Versicherungsprodukt
1. Begriff: In einem weiten Sinne ist ein Versicherungsprodukt die Gesamtleistung, die in einem Versicherungsmarkt (potenziellen) Versicherungsnehmern zum Erwerb angeboten werden kann; der Begriff umfasst das Dauerschutzversprechen, rechtlich und inhaltlich konkretisiert in der Versicherungsdeckung (Risikogeschäft), ggf. damit verbundene Spar- und Entsparprodukte (Spargeschäft, Entspargeschäft) sowie diese unmittelbar oder mittelbar ergänzende Abwicklungsleistungen (Abwicklungsgeschäft). Im engeren Sinne ist das Versicherungsprodukt nur die Versicherungsdeckung, die den Versicherungsschutz rechtlich und inhaltlich bestimmt.

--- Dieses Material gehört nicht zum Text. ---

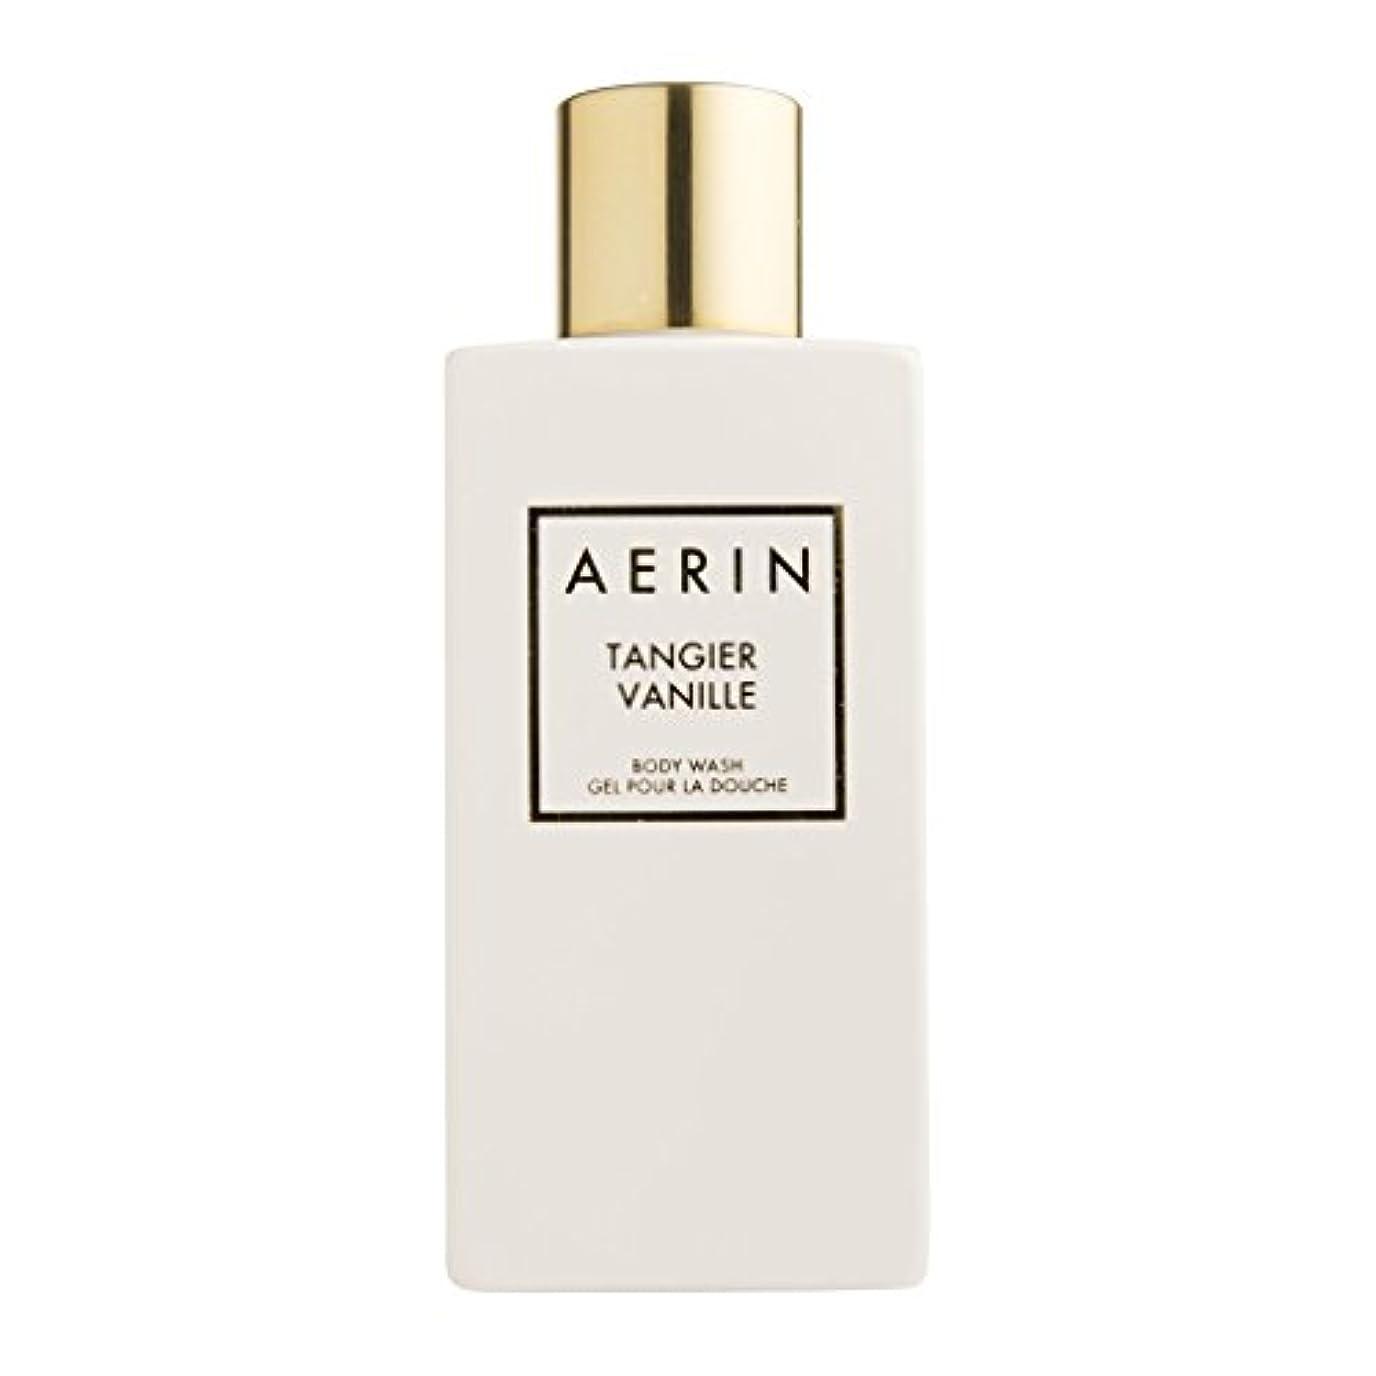 位置づける比較舌なAERIN Tangier Vanille (アエリン タンジヤー バニール) 7.6 oz (228ml) Body Wash ボディーウオッシュ by Estee Lauder for Women

2. Wesen: a) Versicherungsprodukte sind Finanzdienstleistungen. Sie sind dadurch geprägt, dass Leistung und Gegenleistung i.d.R. nicht güter-, sondern geldwirtschaftlich erbracht werden. Insbesondere im Bereich der Abwicklungsleistungen und weiterer begleitender Dienstleistungen weicht diese Regel allerdings zunehmend auf (siehe auch Naturalersatz, Assistance sowie allgemein sonstiges Dienstleistungsgeschäft).

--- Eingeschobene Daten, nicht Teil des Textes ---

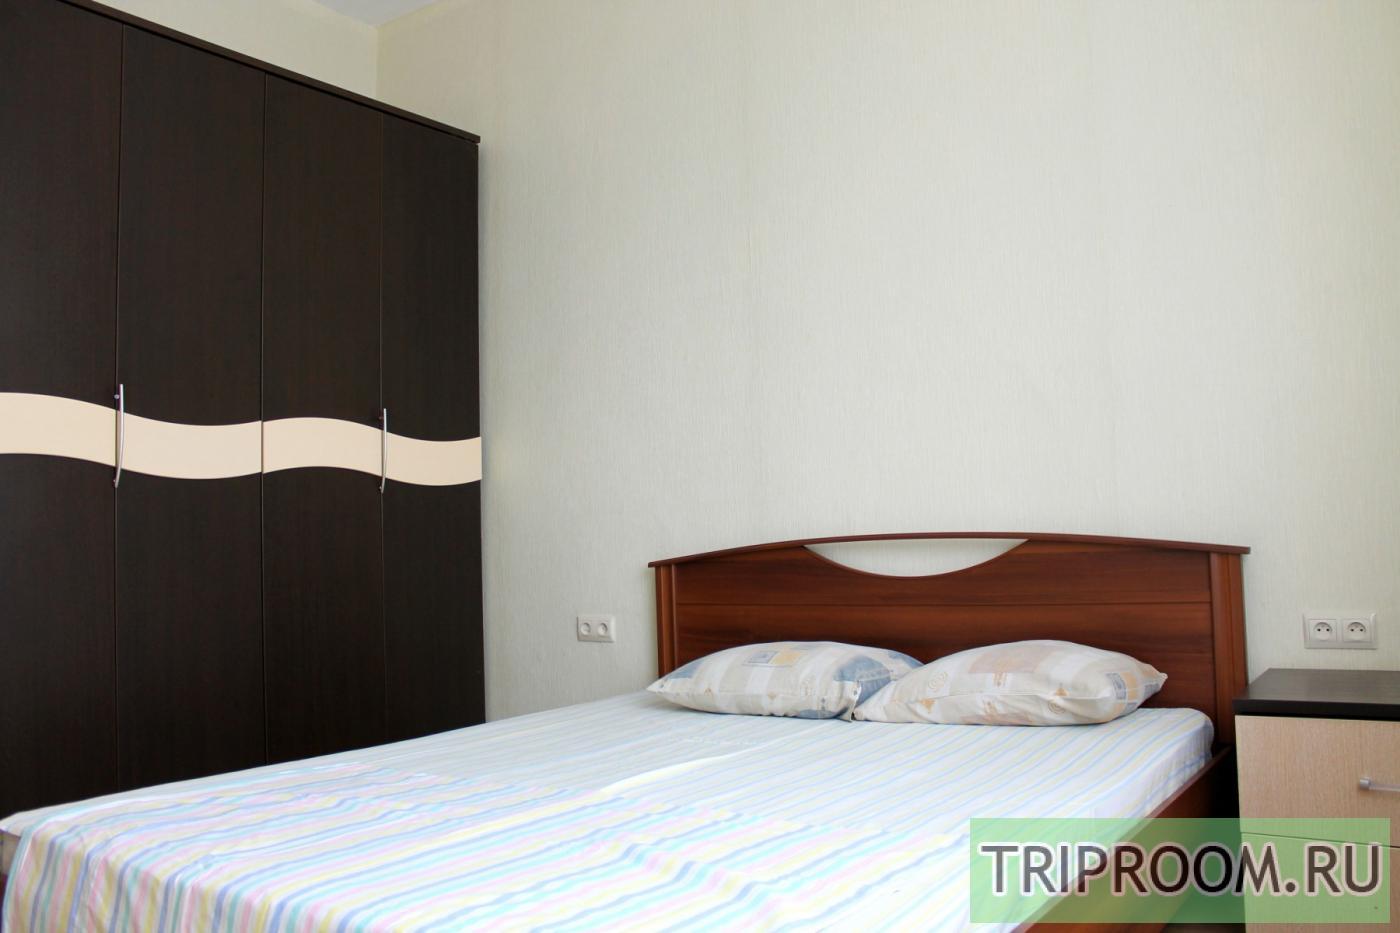 3-комнатная квартира посуточно (вариант № 20393), ул. Ленина проспект, фото № 1

b) Versicherungsprodukte sind vom Element der Eventualität bzw. des Zufalls geprägt.
c) Bestände von Versicherungsprodukten sind die Zusammenfassung einer Summe einzelner Rechtsverhältnisse zu einem funktionalen Ganzen. Im System „Versicherung“ sind die Ebene der unabhängigen Einzelrechtsverhältnisse – also die jeweiligen Versicherungsverträge – und die übergeordnete Integrationsebene des zusammengefassten Kollektivs, das für den Zweck des Risikoausgleichs benötigt wird, zu unterscheiden.

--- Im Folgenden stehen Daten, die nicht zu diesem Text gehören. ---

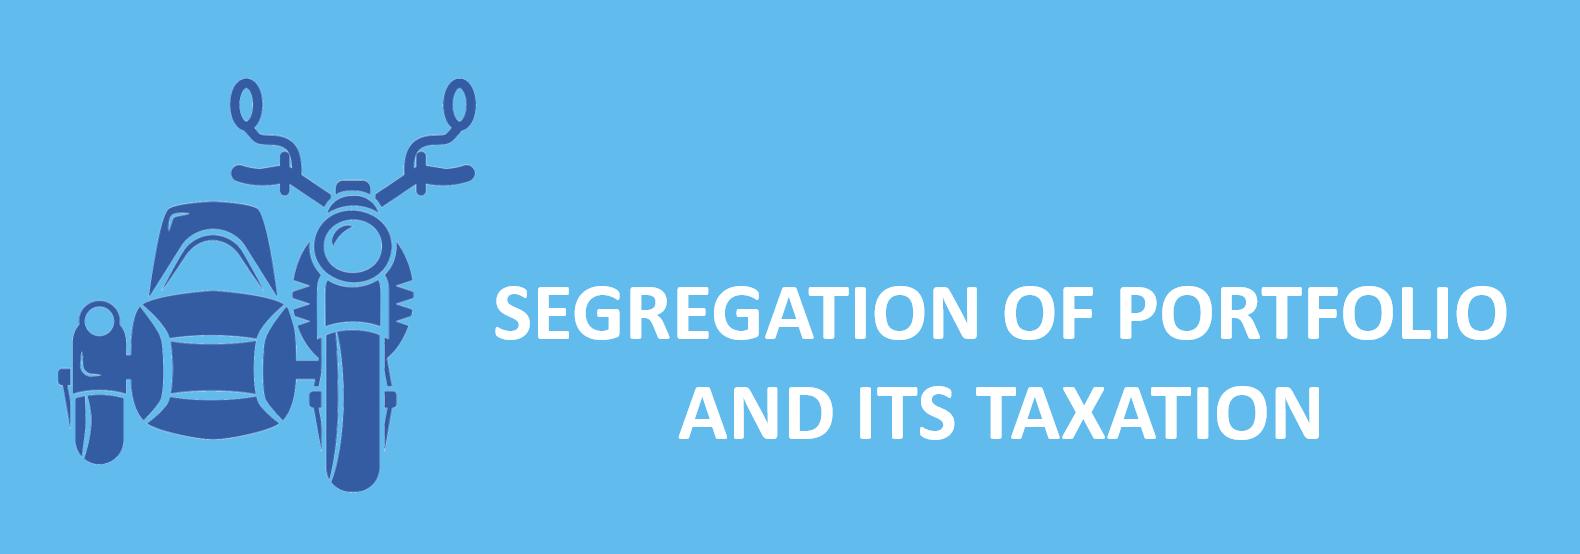 segregation of portfolio

3. Gegenstand des Versicherungsprodukts: Versicherung ist der Transfer einer Wahrscheinlichkeitsverteilung von Schäden vom Versicherungsnehmer auf den Versicherer gegen Zahlung einer tendenziell festen Prämie (Kundensicht). Versicherung ist zudem die Deckung eines im Einzelnen ungewissen, insgesamt geschätzten Mittelbedarfs auf der Grundlage des Risikoausgleichs im Kollektiv und in der Zeit (Versicherersicht).
4. Merkmale: Das Versicherungsprodukt a) ist nicht gegenständlich, nicht greifbar und nicht sichtbar;
b) führt oft zu einer längerfristigen Vertragsbindung;
c) ist hinsichtlich seines Angebots nahezu beliebig vermehrbar;
d) deckt einen nur schwer fassbaren Zukunftsbedarf;
e) wird gleichzeitig produziert und verkauft (Uno-actu-Prinzip);
f) verspricht keinen Prestigenutzen und weist zunächst (d.h. vor Eintritt eines Versicherungsfalls) einen nur abstrakten Nutzen auf;
g) ist deshalb eher einem latenten Bedürfnis ausgesetzt, das erst geweckt werden muss.